Had another moment just now; texting a former co-worker, finding out a bunch of them are going to hang out and I wasn't invited.
Context: just had a job interview I nailed. If I don't get the job, I wasn't meant to. Signed off feeling GOOD. One with the universe and all that. This past week and change was filled with chats and texts with some of my former coworkers who want me to come back and in general, I felt loved.
And elder and I gave a guest lecture in Reading earlier in the week; we had a great day together, topped with younger getting in the car from school, and the two of them chatting, elder asking younger to do character voices (younger could have a future as voice talent). I pulled into the parking lot where we had appointments, and watched them walk off together, heads close, backpacks on opposing shoulders, bosom buddies in conspiritual conversation.

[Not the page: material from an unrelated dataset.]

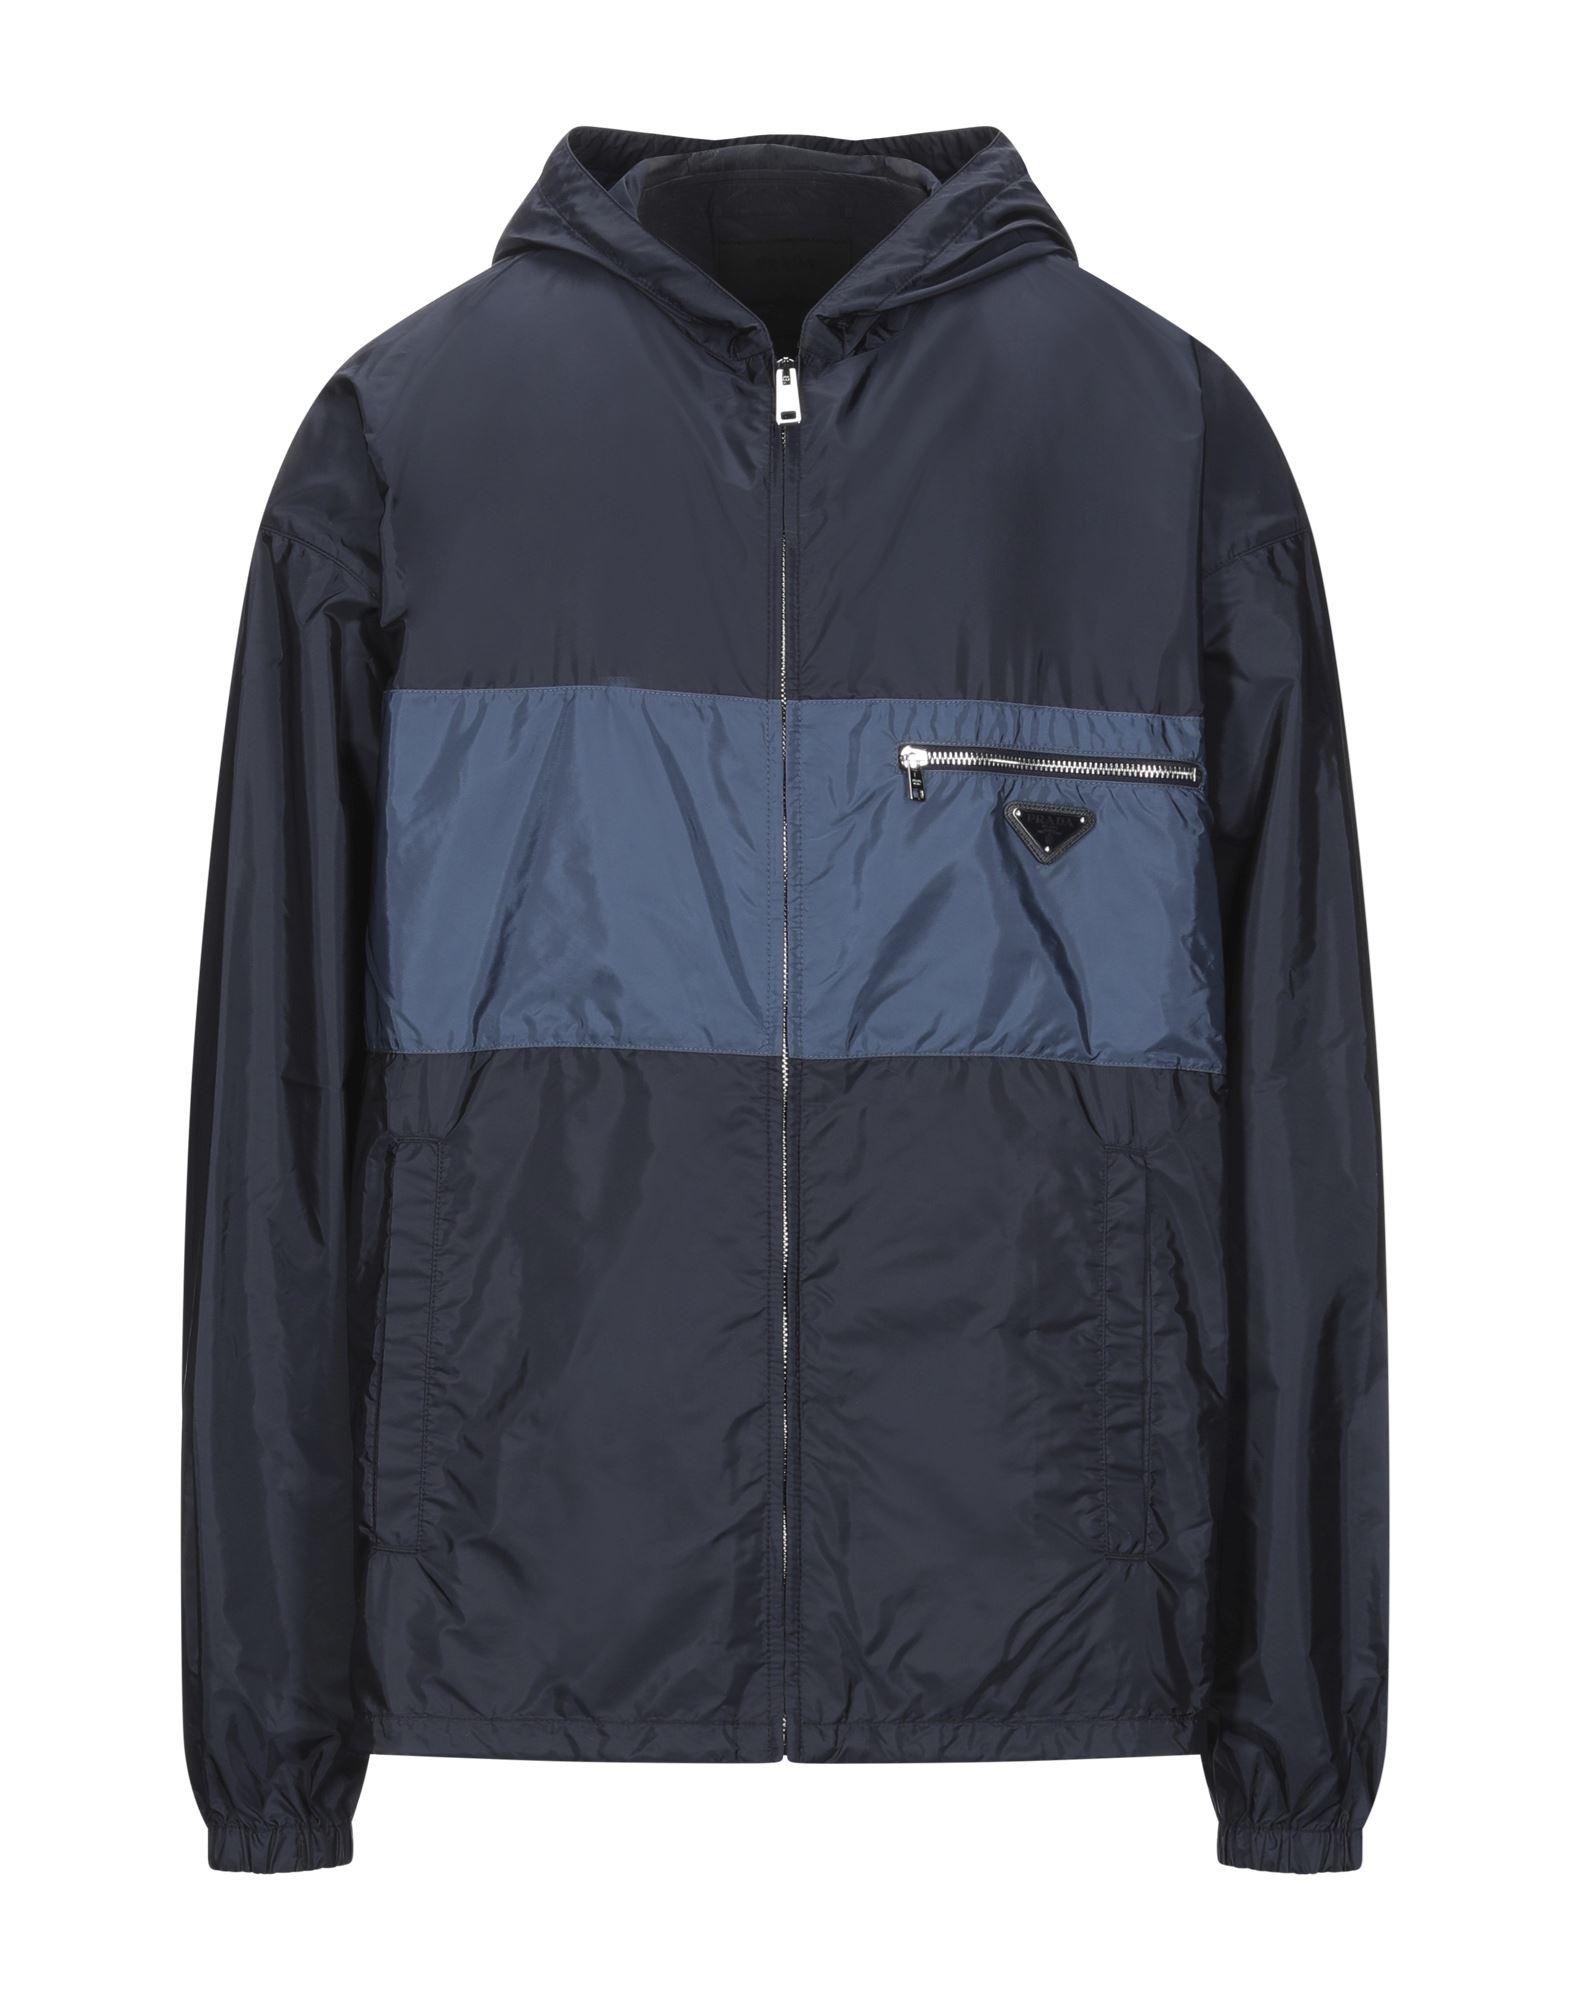 PRADA Jackets - Item 16005296

That gave me pause. I waited a lifetime for each of them to have that ONE GOOD FRIEND, and they had that all along.
They have D, the friend they share, who fits into their schema. There is no third wheel.
Honestly? (looping back to the drinks) I think it hurt more not to be asked than anything. I am choosy about who I want to drink with, anyway, let alone spend hours in conversation with. I can count on one hand how many people outside of my household I am even remotely interested in doing that with.
Still. It's all about being asked.
But, rather than give that power over me, I'll finish reading the memoir that Nic was gifted. The Secret Apartment by Tom Garvey. It's really good. Check it out.